Uno sviluppo pacifico, come in linea di diritto è sancito, dovrebbe essere accettato purchè adeguatamente circoscritto e monitorato onde impedirne sbocchi militari ai sensi del Trattato di non proliferazione.

Tuttavia, in termini più concreti e realistici, – esulando dalle questioni strettamente di diritto e considerando l’uso che di esso si fa nell’azione politica internazionale ove contano le maggiori posizioni di forza – l’uso civile stesso del nucleare da parte di Teheran, prodromo ad una svolta energetica più autonomista, è già di per sé motivo di attenzione e di scelte da operare, sulla base della considerazione che esso costituirebbe un volano per un più importante sviluppo dell’Iran sul piano economico con conseguenti risvolti sul piano politico.

Di qui, il focus sulla prospettiva dell’uso militare, per quanto non immotivato o secondario, non è nel breve termine il principale motivo del contendere, ma semmai un elemento nel dibattito strategico di medio-lungo periodo non solo dell’Iran stesso, ma anche delle altre potenze.

Al centro non c’è l’intenzione di scoprire quanto manca alla bomba, ma di registrare a che punto sia il programma di elaborazione nucleare.

Allo stato attuale delle cose, Stati Uniti ed alcuni Paesi europei sono diplomaticamente attivi nell’impedire che questo prosegua, sulla scorta di considerazioni sia politiche che strategiche, mentre l’Iran è deciso a portarlo avanti poichè esso rispecchia un suo legittimo diritto.

Ecco dunque che – per quanto il tutto oscilli tra risoluzioni, norme e fattori di ordine squisitamente politico – il dato che si registra evidenzia che se da una parte si assiste alla messa in opera del processo necessario per l’utilizzo dell’uranio da parte degli Iraniani, dall’altra si sospetta si stiano conducendo delle “attività segrete” per scopi militari, alla luce anche dell’ultimo rapporto dell’Aiea.

Di qui, appare ai più evidente che l’attuale fase diplomatica stia scavalcando la distinzione tra uso civile e uso militare per focalizzarsi essenzialmente su un Si o su un No al programma nucleare. Il responso, nella sua essenza, maturerà a prescindere da valutazioni tecnico-scientifiche e verterà su orientamenti prettamente politici, rispetto a cui trattati o risoluzioni fungeranno da corollario.

Il tutto, al vaglio di un approccio scevro da ideologismi e forzature distorsive, evidenzia in fin dei conti che il fattore bomba è irrilevante a fronte di quello che in realtà è il vero fattore imprescindibile: il ruolo geopolitico di Teheran.

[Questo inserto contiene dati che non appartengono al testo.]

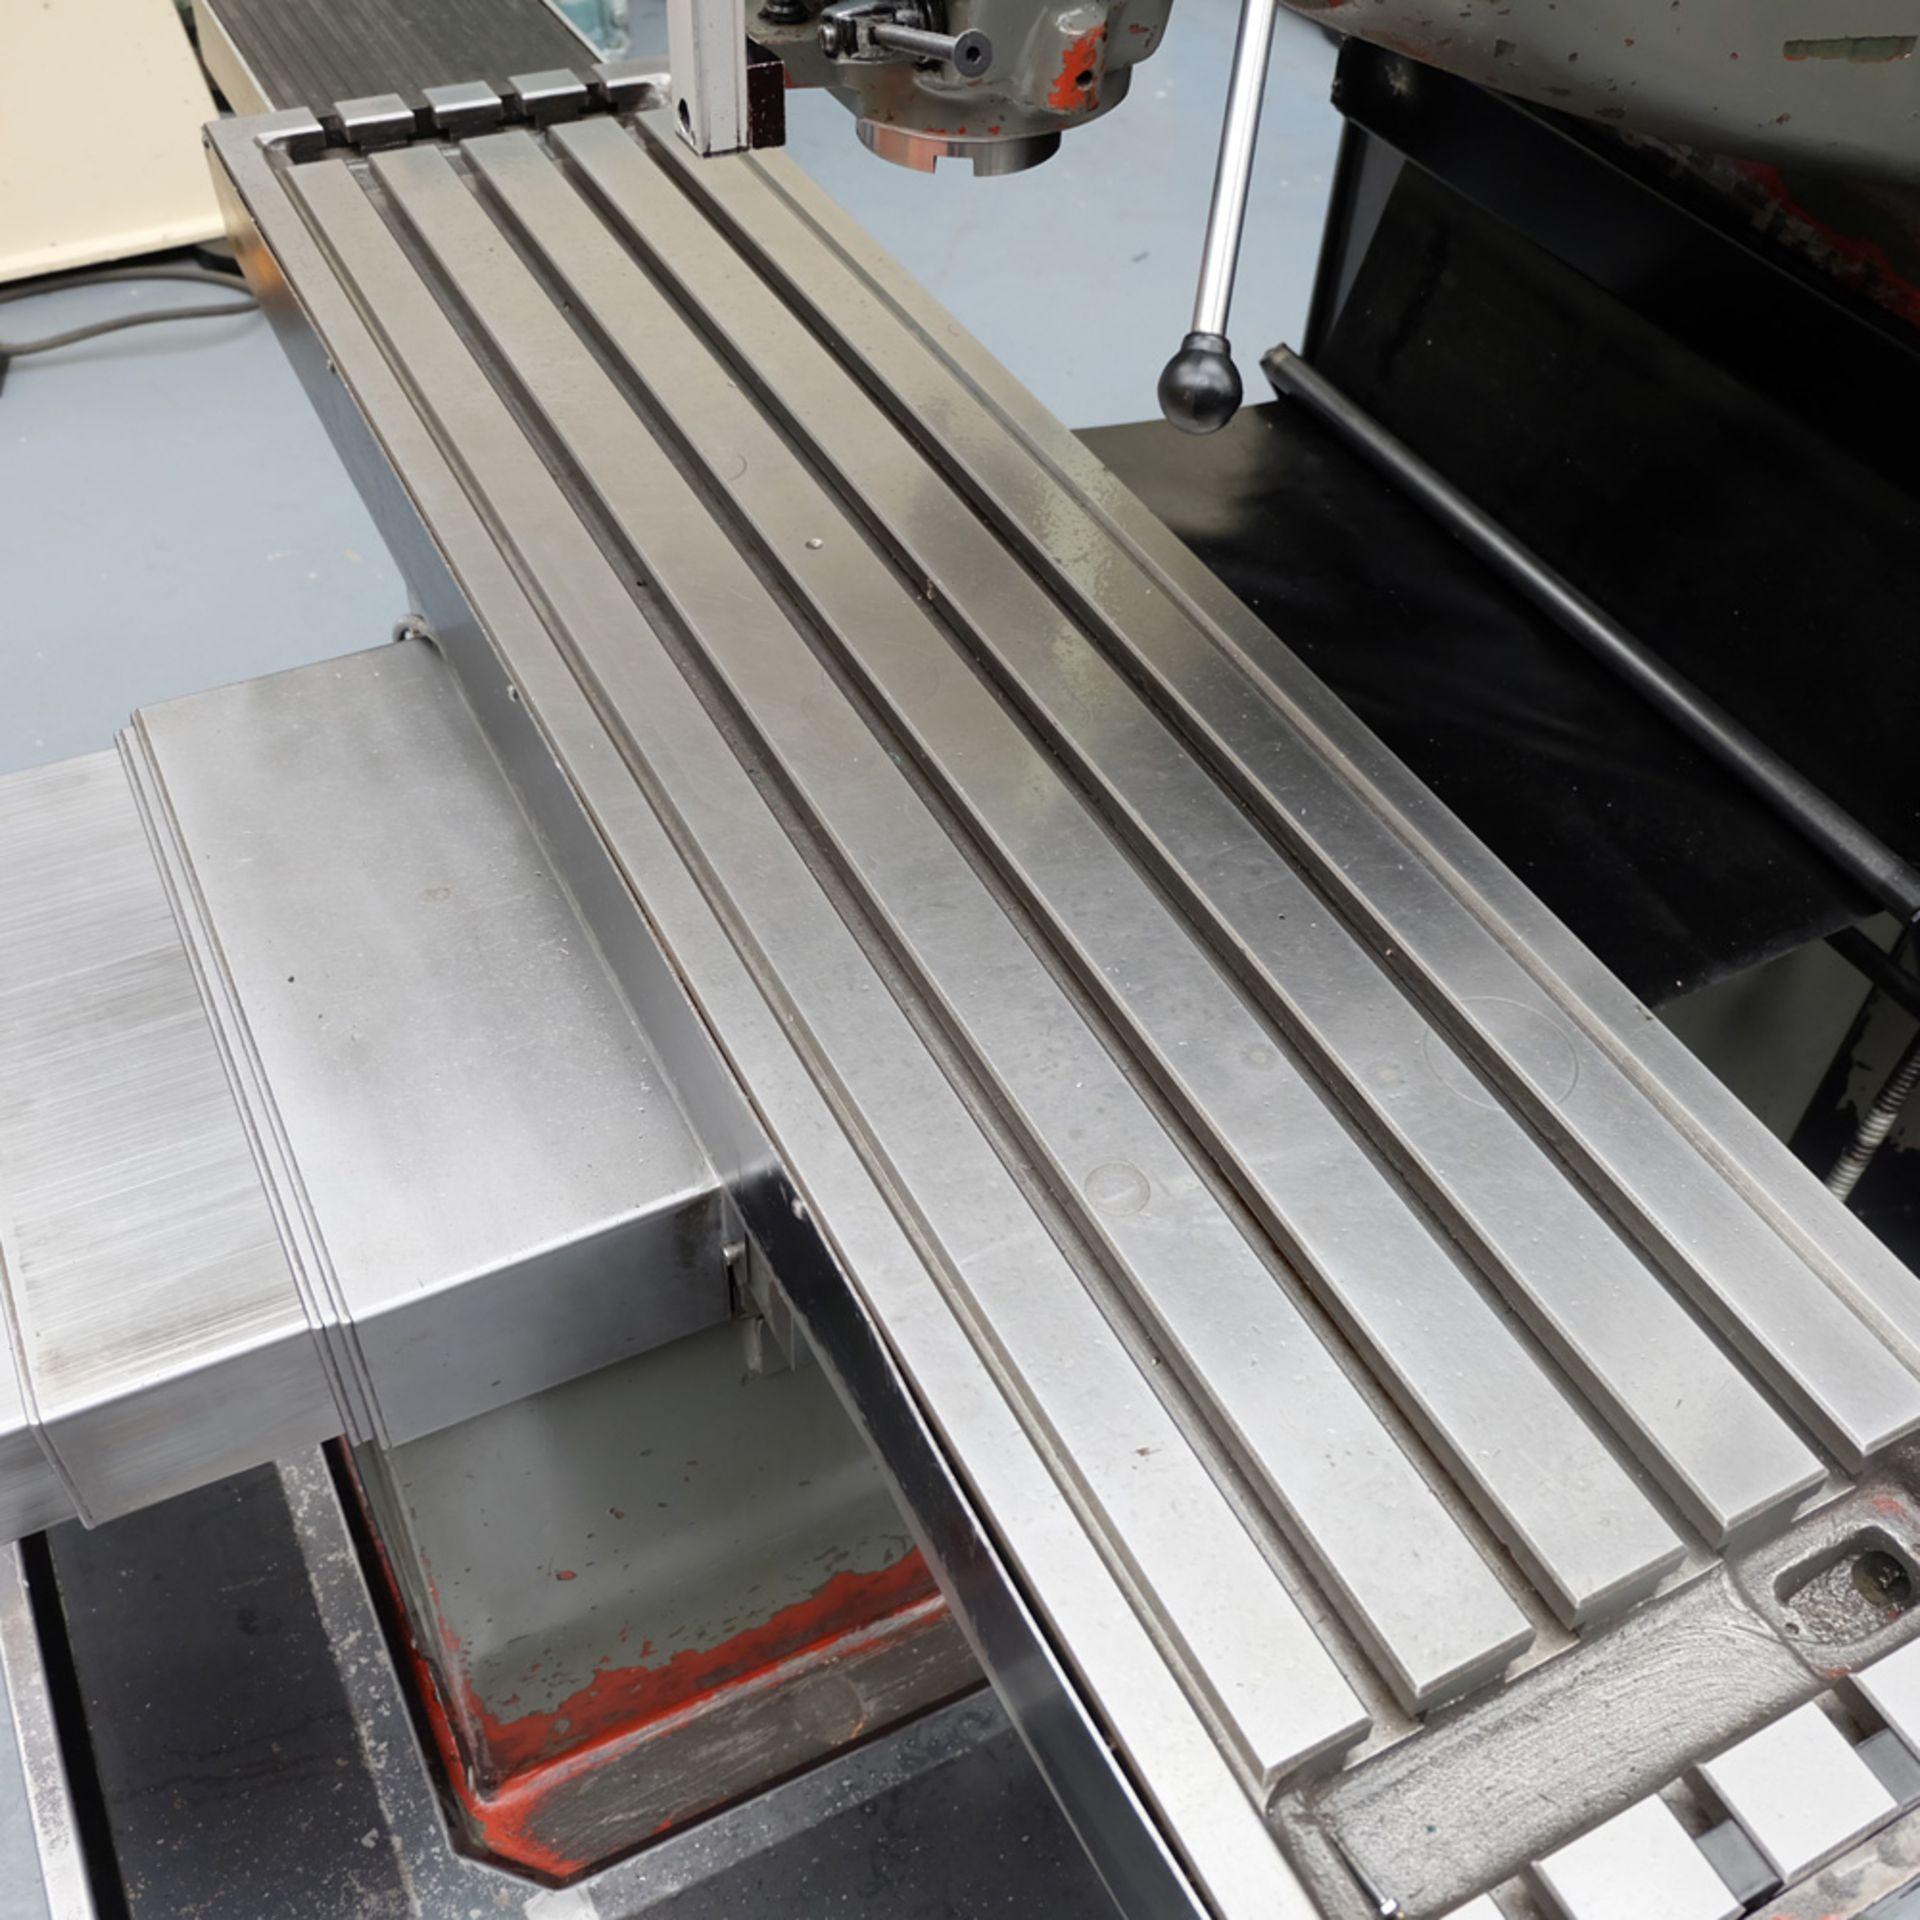 XYZ DPM Bed Mill with ProtoTRAK A.G.E. 3 Control. Prototrak A.G.E. - Image 7 of 10

Il Tnp (Trattato di non proliferazione nucleare) -nei suoi capisaldi di disarmo, non proliferazione e uso pacifico del nucleare e nel riconoscimento dell’Aiea (Agenzia Internazionale per l’Energia Atomica) quale organo di monitoraggio delle attività e dei trasferimenti di tecnologie- è ciò a cui fa riferimento il 5+1 (Usa, GB, Francia, Russia, Cina + Germania) nel condurre le trattative e ciò attraverso cui l’Iran deve muoversi per legittimare il suo programma, in stretta collaborazione con l’Aiea.

Ma il Tnp si presta ad una serie di considerazioni sia tecniche che politiche tali da non renderlo, da solo, risolutivo della disputa sul nucleare iraniano, sia per una serie di buchi e inadempienze rispetto a determinate norme, sia per le scelte dei vari Paesi che rientrano nelle loro specifiche strategie politiche.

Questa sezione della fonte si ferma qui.